Test the forms library first. Open the software. Find Form I-129. Find Form I-140. Find Form I-485. If any are missing or outdated, walk away.
Check the update log. Ask the vendor for their form update history. How fast did they update after the March 2025 USCIS form changes? If slower than 48 hours, keep looking.
Run a mock filing. Pick a real case from last year. Process it from start to finish in the new software. Time yourself. If it takes longer than your current manual process, the software is not helping.
Ask about April support. Call their customer support line at 5 p.m. Eastern on a Friday. See who answers. April filing windows mean nights and weekends. You need support that works those hours.

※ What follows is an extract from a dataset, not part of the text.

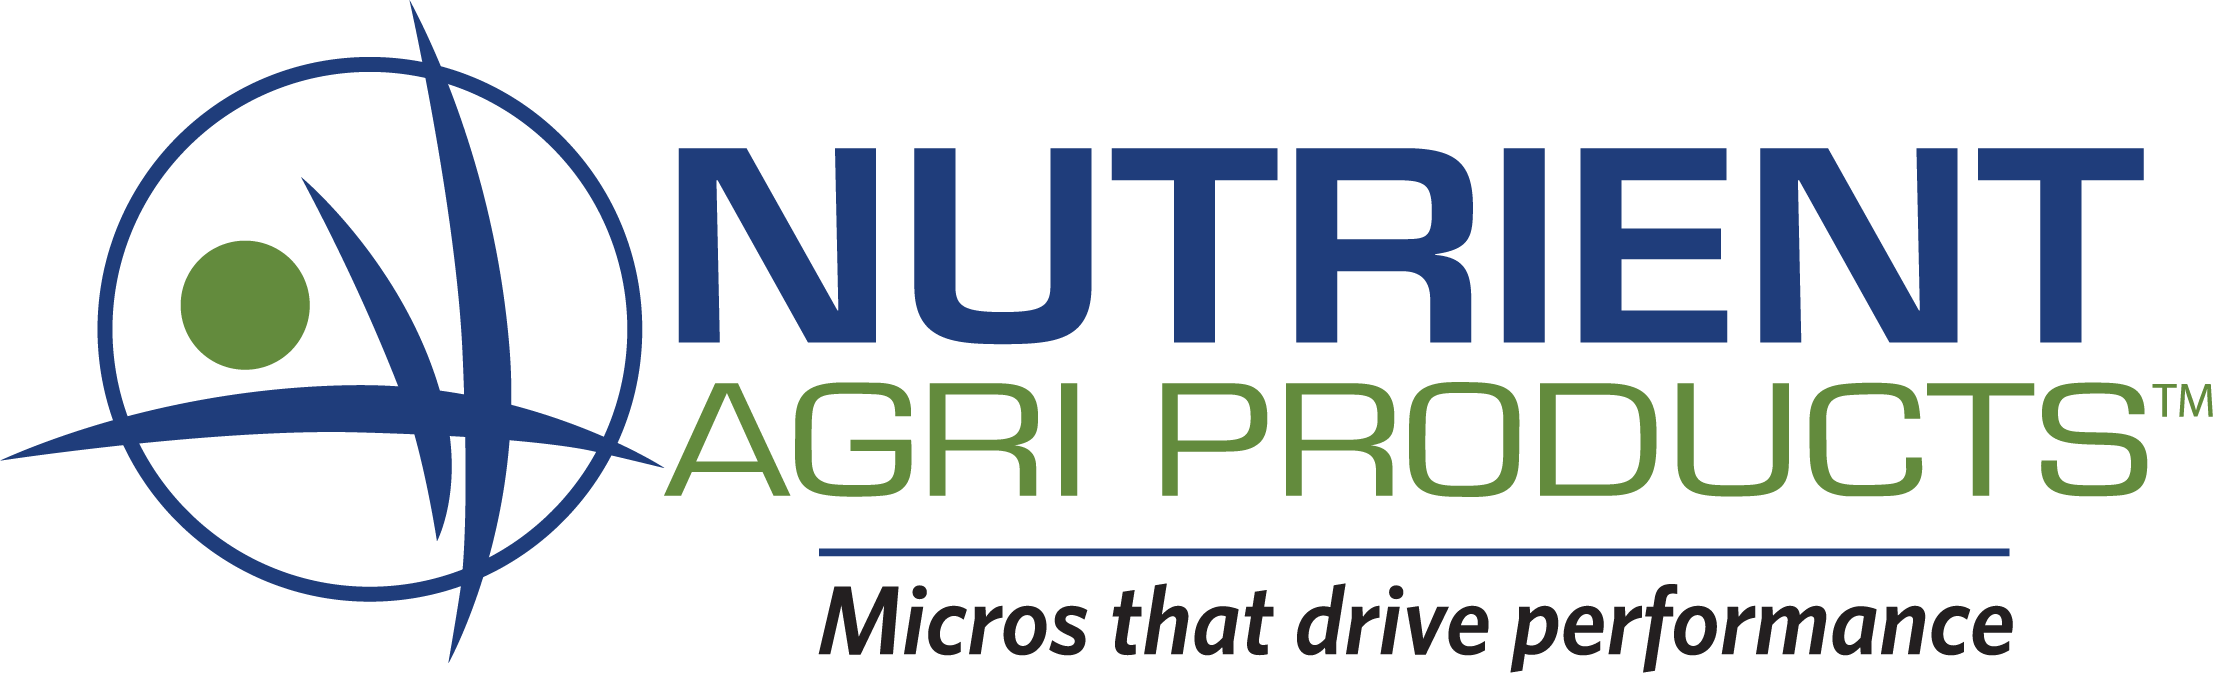 Nutrient Agri Products

The Honest Comparison Table
| Software | Best For | Worst For | Setup Time | Annual Cost |
|---|---|---|---|---|
| INSZoom | Large firms | Small firms | 4 weeks | $15k+ |
| Docketwise | Mid-sized firms | Complex reporting | 1 week | $5k-$10k |
| LawLogix | Enterprise | Small budget | 12 weeks | $25k+ |
| Cerenade | PERM specialists | H-1B volume | 2 weeks | $6k-$12k |
| Tracker I-9 | I-9 only | Full case mgmt | 1 day | $2k-$5k |
| ImmigrationTracker | Corporate | Law firms | 1 week | $4k-$8k |
| SimpleCitizen | Family cases | Employment cases | 3 days | $3k-$6k |
| EIG Software | Offline needs | Remote work | 1 day | $3k-$5k |
| Filevine | Custom builds | Quick start | 12 weeks | $10k+ |
| LawCoyote | Solo practice | Volume filing | 1 hour | $50/month |
What Nobody Tells You About April Filing Windows?
April is different. October through March, you have time. April hits, and everything breaks. USCIS changes forms without warning. DOL updates prevailing wage data. Consulates change document requirements.
The best Immigration Case Management Software in the world cannot fix bad data entry. I have seen firms with $50k software fail because a paralegal typed a birth date wrong. The software accepted it. USCIS rejected it.
Here is my real advice. Buy software that automates. But keep a human checking every critical date. Two weeks before any filing deadline, print the list. Read every date. Compare to source documents.
Software is a tool. Not a replacement.
The Final Thoughts
The April 2026 filing window is three weeks away. If you do not have Immigration Case Management Software in place by April 1, you are filing paper. That is not hyperbole. That is reality.
INSZoom remains the safe choice for large firms. Docketwise is the smart choice for mid-sized firms. LawLogix is the enterprise choice for corporations.
Everyone else. Cerenade for PERM. Tracker I-9 for I-9s. SimpleCitizen for family cases. Skip the rest. Skip the hype. Skip the AI predictions. Test the software yourself. Run a mock filing. Time it. Check the support hours.
Then buy what works for your April 15 deadline. Because USCIS does not care which software you use. They only care if the form is correct and on time.
Do not let bad software cost you a filing window.